Wednesday, September 10, 2014


Buenas tardes, hermanos y hermanas!
My flight plans came, I check out at 4:30am on Monday. We fly to Georgia, we have a five hour layover, then I'm off to Mexico! Hermana Tam. waited too long to get her passport and apply for v and such, so she's going to Reno temporarily, which is super sad for us because Hma Heinz and Leonard and Toone and I are all traveling on the same flight and we were so excited to be together.
Some highlights of this week:
- We finished teaching Maria! I have so much love for her. Our last lesson was relatively mellow, we talked about keeping the Sabbath Day holy and prophets. It ended in tears for all as we bore our testimonies and even took a picture with her. I walked out of that lesson, ending my first experience with a non-member, with a renewed desire to GET TO WORK. I know that every time Maria progressed as we taught her I felt a joy unlike any other.

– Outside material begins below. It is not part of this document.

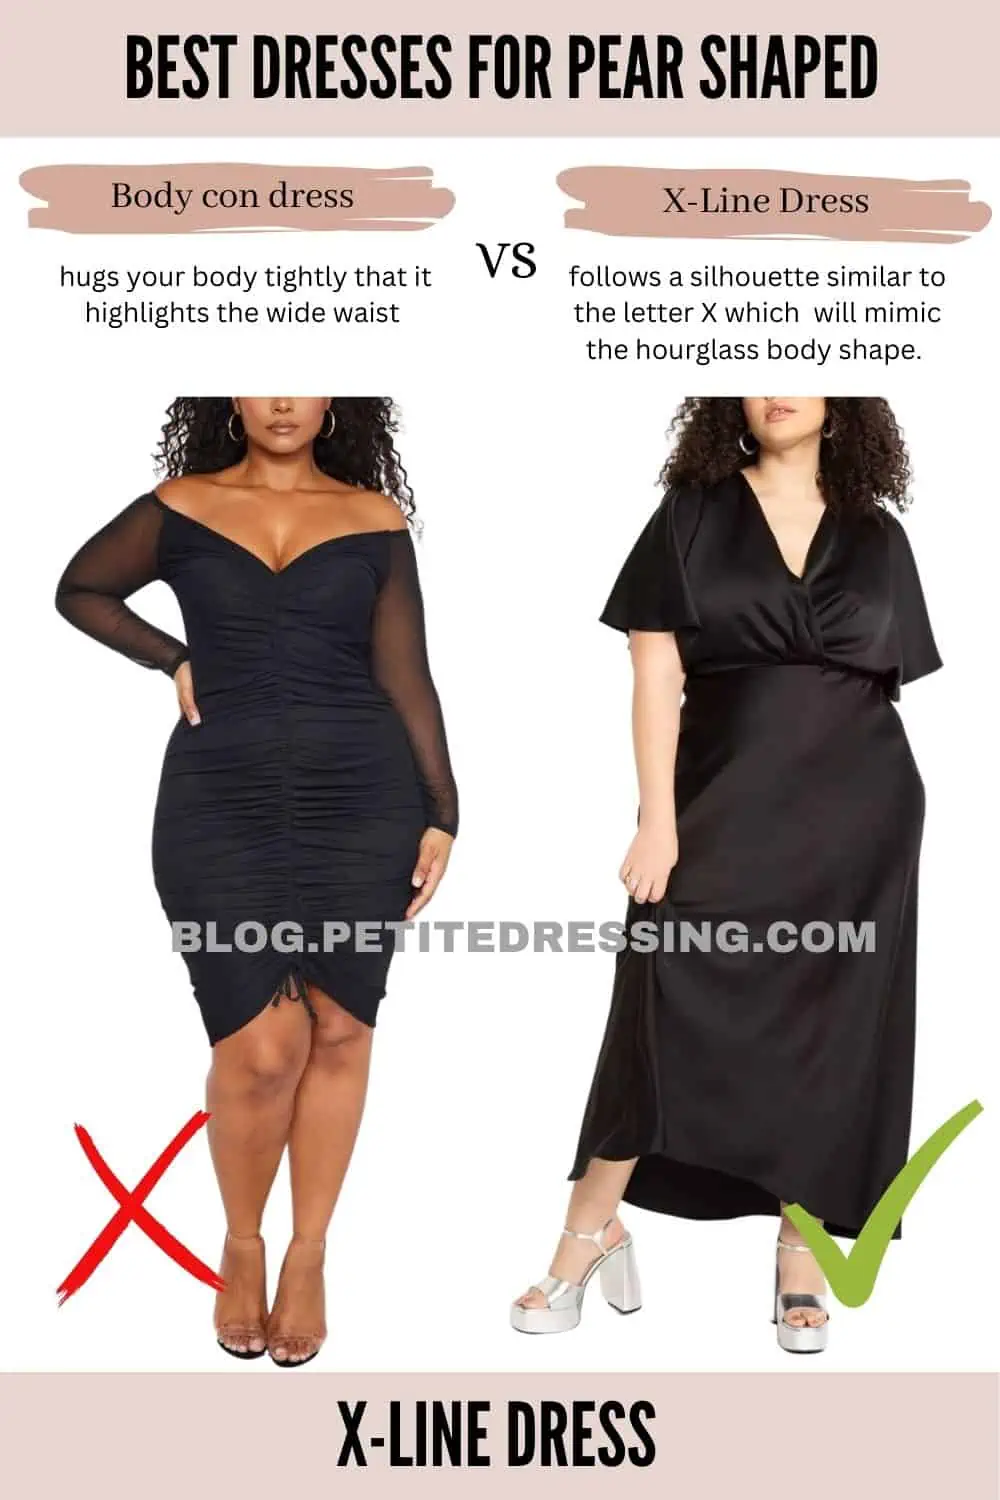 How To Dress a Pear-shaped Body

- I saw Mitch Head for a few minutes at Devotional, and then today for a minute because I was on Main Campus for a bit! So fun to see him, seriously. Definitely a little piece of home. I also saw Bronson Barben, Amy Shaw, Jenna Ericksen, Jantzen Glover, Christian's friend Jackson A... and a few more I can't remember at the moment.
- Sunday was released as a Sister Training Leader, along with the Zone Leaders. They want our last week to be somewhat relaxing, which I appreciate.
- First and last Fast Sunday Sunday at the MTC! Super cool testimony meeting, which was in English surprisingly. I've seen so many of these Elders and Hermanas visibly change throughout these six weeks.
- My relationship with my District is simply the best, so sad to leave them. I'd like to think I'll see some of them again, but realistically this is it for us! No one else is going to BYU beside Elder Scott. But I have learned so much from every single one of them, and I know for a fact why I was placed in this group.
- Last night my roomies and I had a little candle-lit MTC "Closing Ceremony" in our backyard
- Our last investigators are Ricardo and Travis, and they are Elder Flanary and Nielsen in disguise. This will be our last little project before we leave.
- We will go down in history as the zone of trend-setters - since we've been here, we've instituted on West Campus "District-nics" (District Picnics, I came up with the name OF COURSE), Post-Class District Races, and (as Sister Training Leaders) combined Hermana "Tender Mercy" sharing time/prayer at night. Pretty proud of ourselves.
 A newer Elder said something this week that summed up many of my frustrations exactly. Something to the affect of: "This isn't about reaching a requirement. It's about doing your absolute best." 
We're not working for a grade. THAT is, maybe pathetically, why a mission is so hard. Let's be real. Do we really give our all, ever? Have I ever truly given my all? How do I KNOW I'm doing OK out here? It's not like a report card comes in, and all my slacker moments are forgotten because my spurts of hard-workingness still amounted to an A. It doesn't get better than an "A," does it? So why "step it up?" This is about consistency. This is a situation where the Report Card comes daily, and it ALWAYS SAYS "TRY HARDER." And "better" is always possible, and "better" consists not of having climbed to a higher level of BEING, but of having corrected some small, seemingly insignificant yet completely huge FACET of your being. And that's what's daunting, crazy enough! Our betterment, the process of becoming's like emptying an entire beach of sand into the OCEAN of Atonement, grain by grain. I have an ocean in front of me and a beach of imperfects behind me. I say that, but that's not really how it is, not all the time. Much of the time, my back is TO the ocean. I look out hopelessly at my beach and underneath my feet washes up new grains 10x faster than I can get rid of the old ones. Especially here in the CCM. Realizations of flaws occupy my thoughts all too much, my goal making process often fails me. 
BACK TO THE BEACH, FACE TO THE OCEAN. This is why a mission is hard. What direction I'm facing no longer affects only me. It affects my companions, IT AFFECTS THE SALVATION OF GOD'S OTHER CHILDREN. So, how do I know that I'm doing okay? I recognize one facet that needs helping. I ask about it. I throw it into the ocean, so far out there that it can't possibly wash up again. ONE AT A TIME. Shovels don't exist on this beach, and that's OKAY. If, at every prayer, I know I'm doing this, I can know that I'm doing okay. 
Love you so much momma and dadda, seriously. I have LOVED my time at the MTC, more than words can explain and I'm pretty heartbroken to be leaving. I have made many unlikely life-long friends here and I have learned so very much about myself, about the world, about how to get along with others, about how to TRULY LOVE EVERYONE. I can't believe this time is here! I love you, I love you, I love you.